Die Wohlanständigen. Ein Tanner-Kriminalroman
Sie nahm die Note und huschte hinter die Theke.
Michel stand auf und zog seinen Mantel an.
Der Rest ist für Sie.
Zum Abschied hob sie die Hand und schenkte ihm ein entzückendes Lächeln.
Die beiden alten Männer waren mittlerweile eingeschlafen. Das selige Lächeln auf ihren Gesichtern war einem tiefernsten Ausdruck gewichen, der den beiden etwas Würdevolles verlieh.
drei
Michel beschloss, zu Fuß zurück zum Strandbad zu gehen. Nach dem exzellenten zweiten Frühstück fand er die Frische des Morgens sehr angenehm und fröstelte nicht mehr. Zufrieden schritt er aus.

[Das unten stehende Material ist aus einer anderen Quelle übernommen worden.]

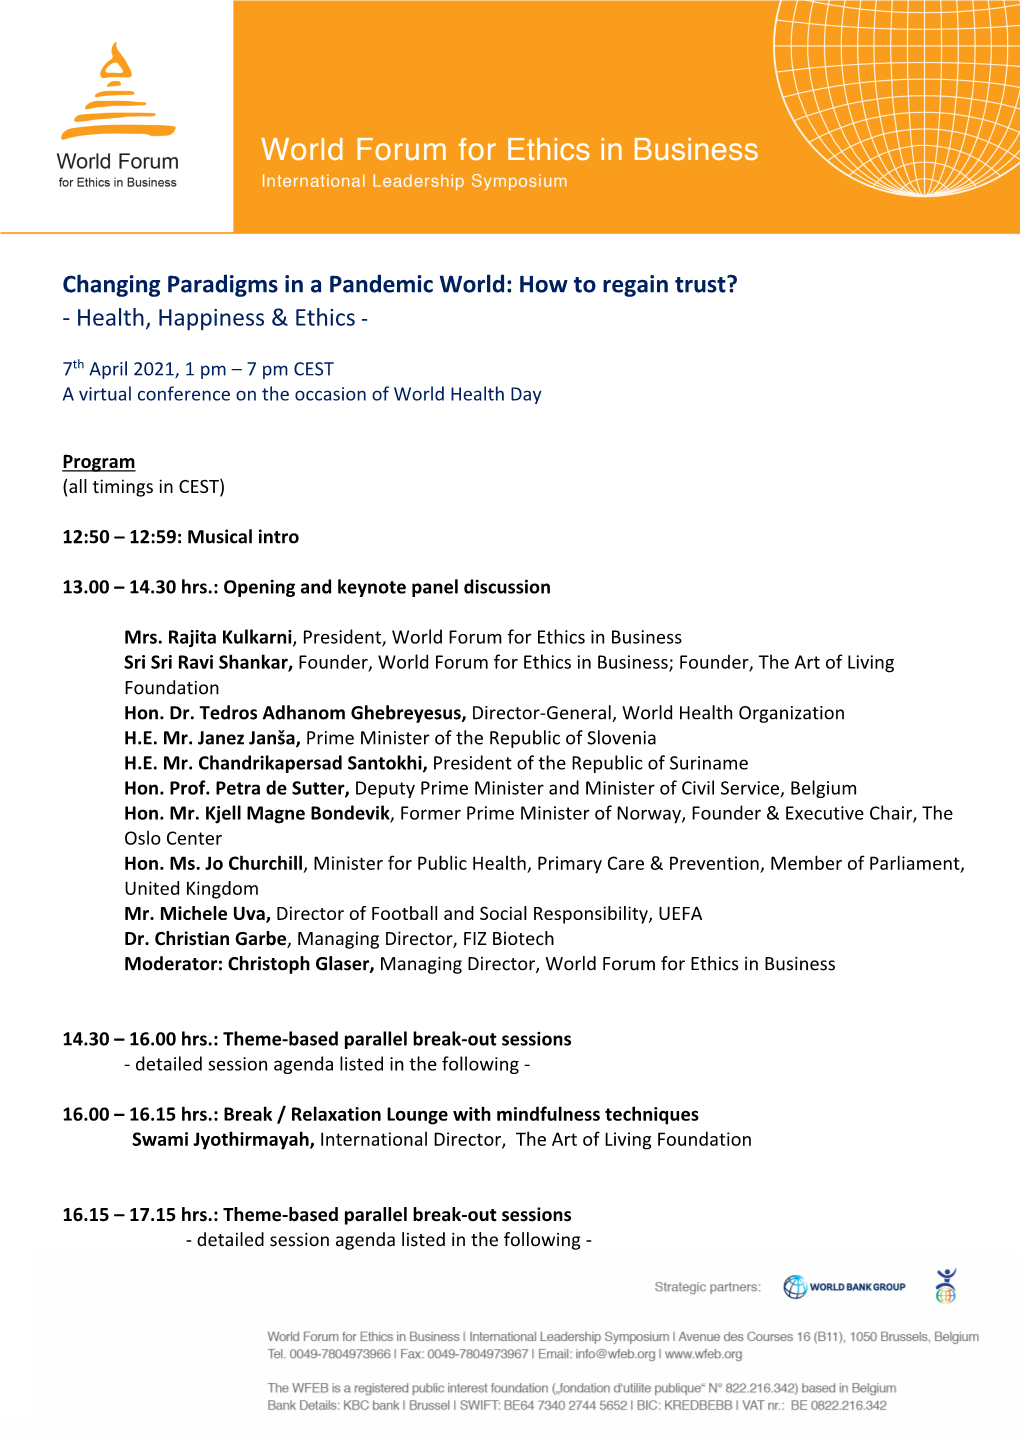 Program Changing Paradigms in a Pandemic World (Status0504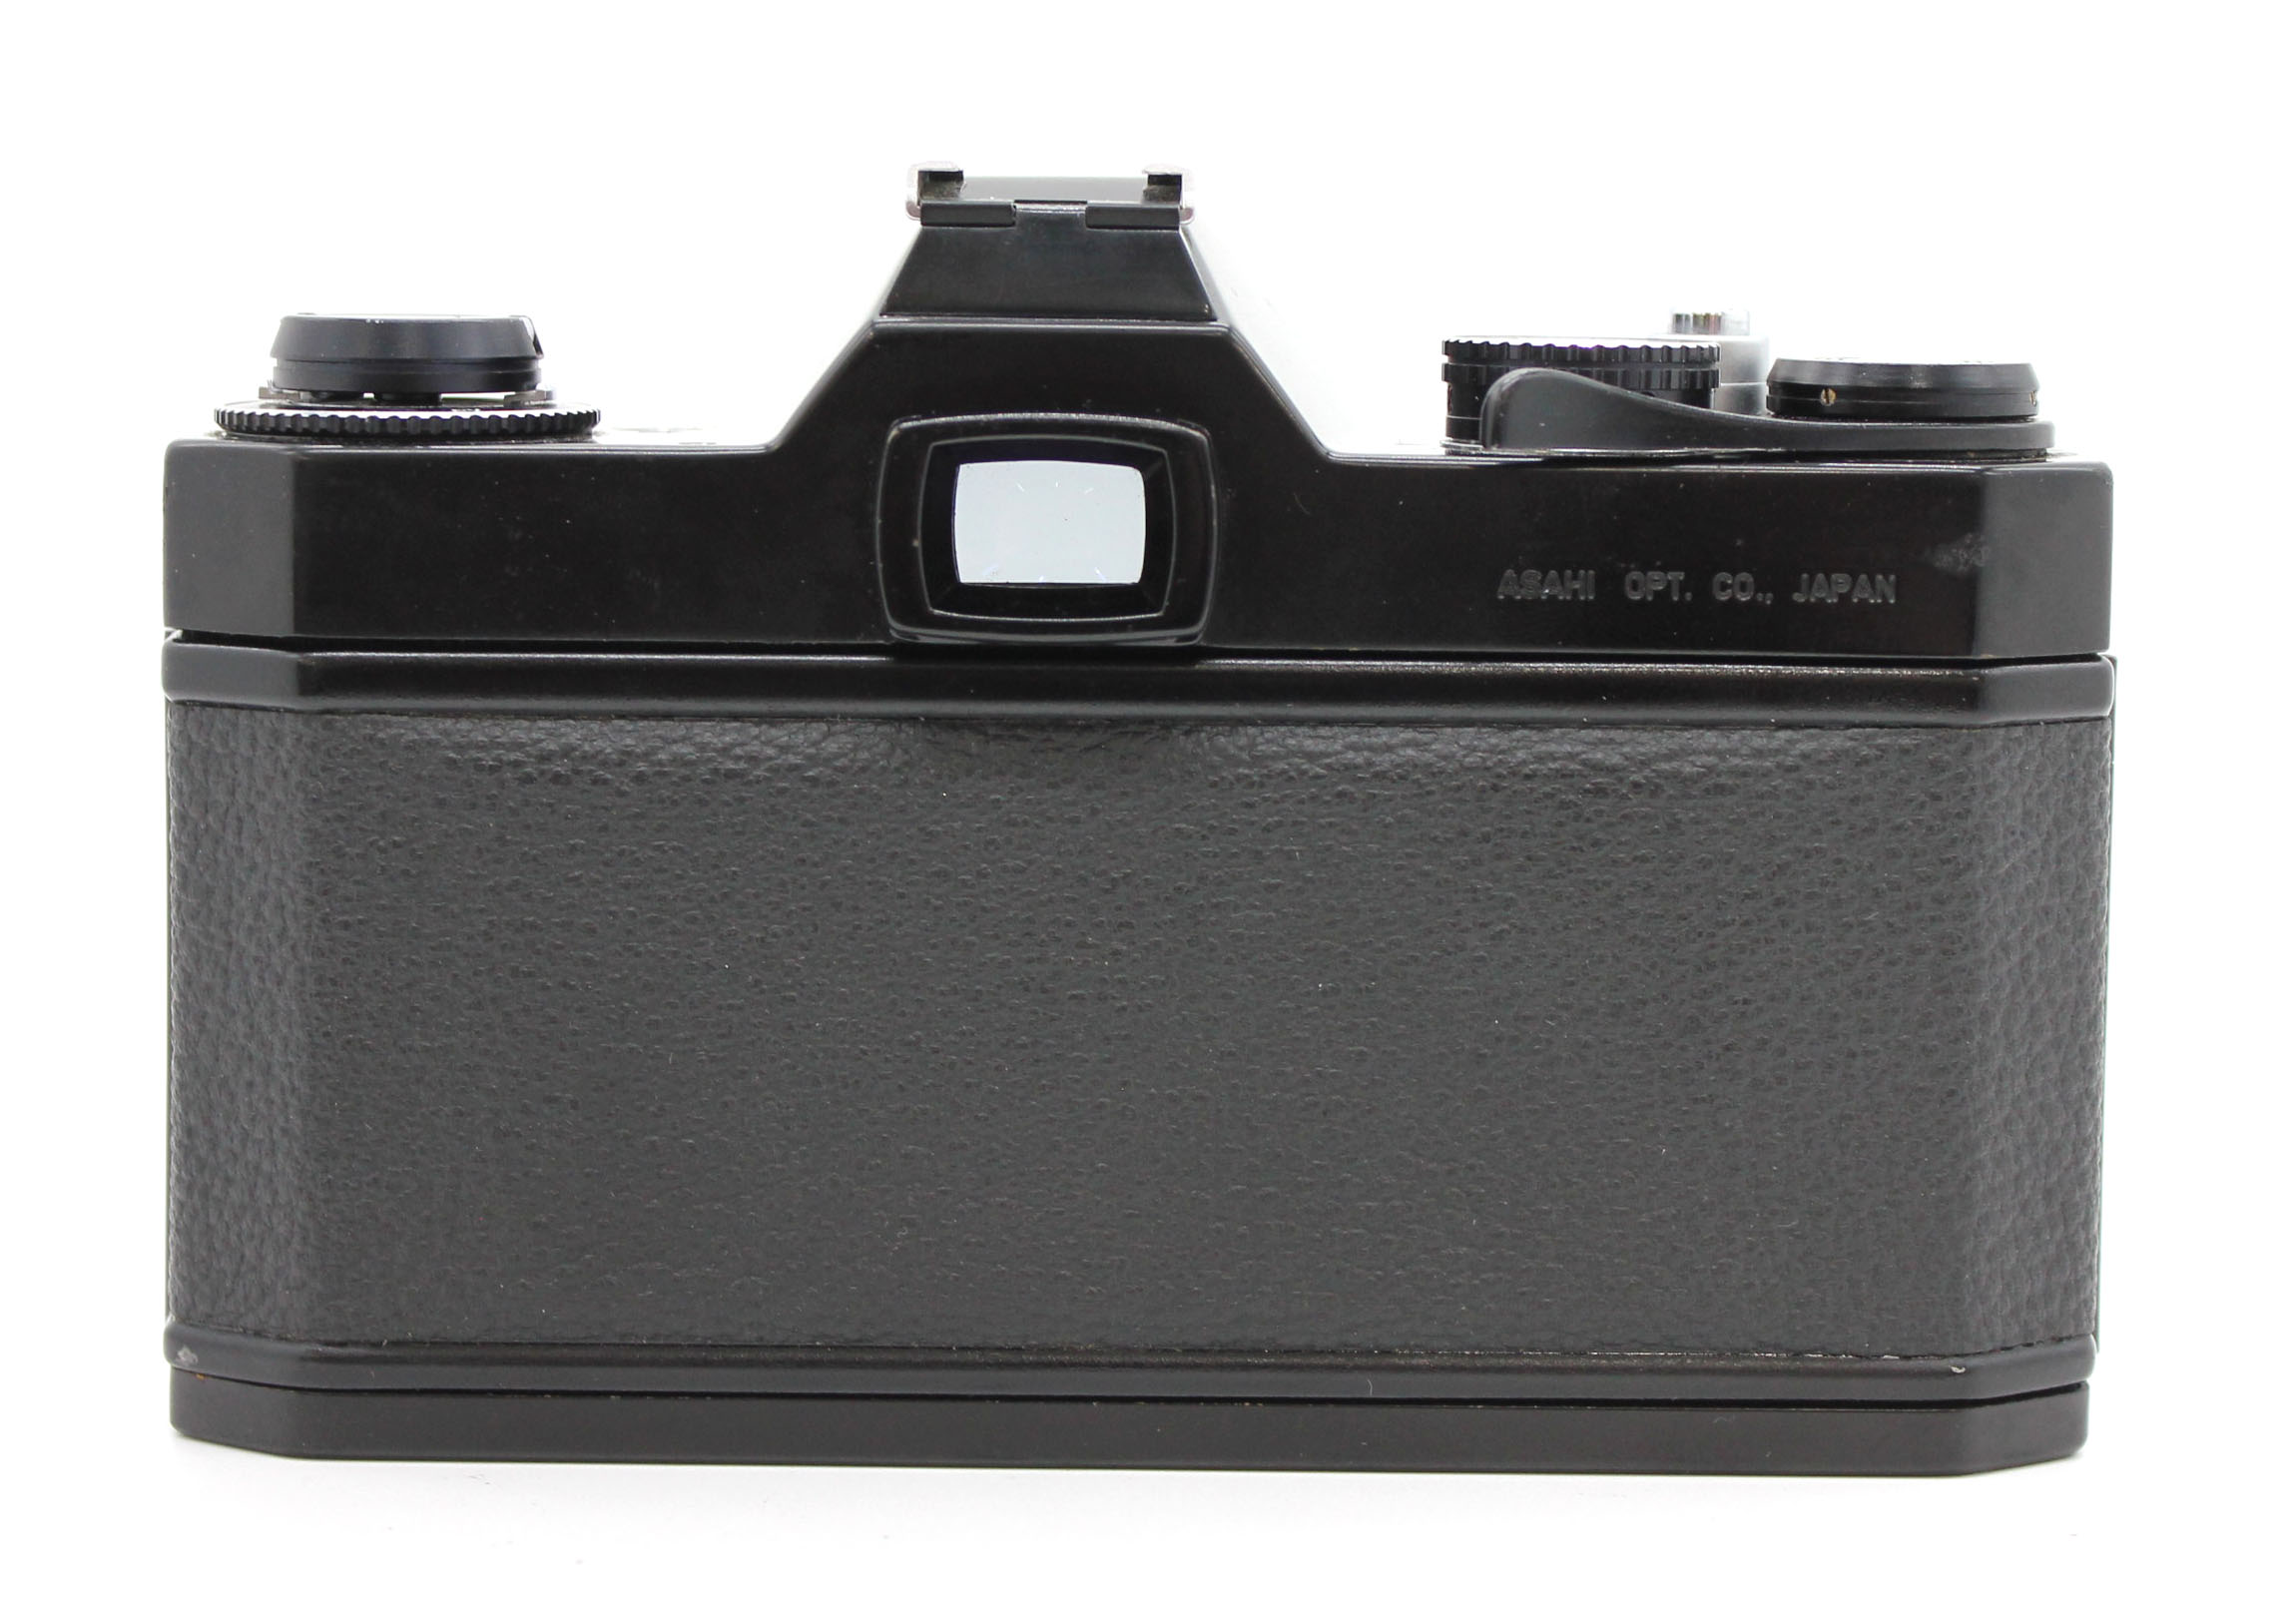 Asahi Pentax Spotmatic F SPF 35mm SLR Camera Black w/ SMC Super-Multi-Coated Takumar 55mm F/1.8 Lens from Japan Photo 6

In solchen Momenten erfüllte ihn sein Beruf mit einer tiefen Zufriedenheit. Er fühlte sich wie ein Schreiner, der die Aufgabe hatte, einen schönen großen Tisch zu zimmern – und das war das Entscheidende – der genau wusste, wie man das machte. Er kannte und liebte sein Handwerk. Oder wie ein Künstler, der vor einer leeren Leinwand stand, den Pinsel in der Hand und zum ersten Pinselstrich ansetzte.
Er musste schmunzeln.
Auf seinem Bild war bereits ein Toter im Hawaiihemd, im Wasser liegend. Und seine Aufgabe würde nun daraus bestehen, das ganze Bild bis in alle Details fertigzustellen. Innerlich rieb er sich die Hände. Er freute sich auf die Aufgabe. Zudem würde es – je nach Verlauf – bedeuten, viele Tage oder gar einige Wochen nicht nur im Büro sitzen zu müssen und Akten zu wälzen. Da sein Privatleben wieder einmal auf die wenigen Kontakte zu seiner Vermieterin geschrumpft war, die ihn nach wie vor treu jeden Tag mit leckeren Broten versorgte und seine Wohnung reinigte, war ein frischer Toter, noch dazu mit einem Messer im Rücken, eine willkommene Aufgabe. Zudem trieb in den Büros ein neuer Polizeichef sein Unwesen. Erst jetzt kapierten alle, wie pflegeleicht der alte gewesen war, trotz seiner Schrullen. Der neue war einer mit einem von im Namen. Er kam aus einem dieser Uraltgeschlechter der Hauptstadt, dessen Urgroßtante die Alte mit dem Hörrohr gewesen sein soll, die einst mit ihrem Rudel russischer Windhunde durch die Altstadt zu stolzieren pflegte. Außerdem war er Angehöriger dieser furchtbaren Partei, die glaubte, alles besser zu wissen, und für deren Verhalten sich das ganze Land schämen musste. Er hatte nichts, aber gar nichts von den gepflegten Manieren und der seriösen humanistischen Bildung, auf die der Alte so stolz gewesen war. Der Neue hatte zwar studiert, war aber ein Flegel und benahm sich wie einer. Intern nannte man ihn Baron Rumpelstilzchen. Man lachte über ihn, aber die meisten hatten Angst vor ihm.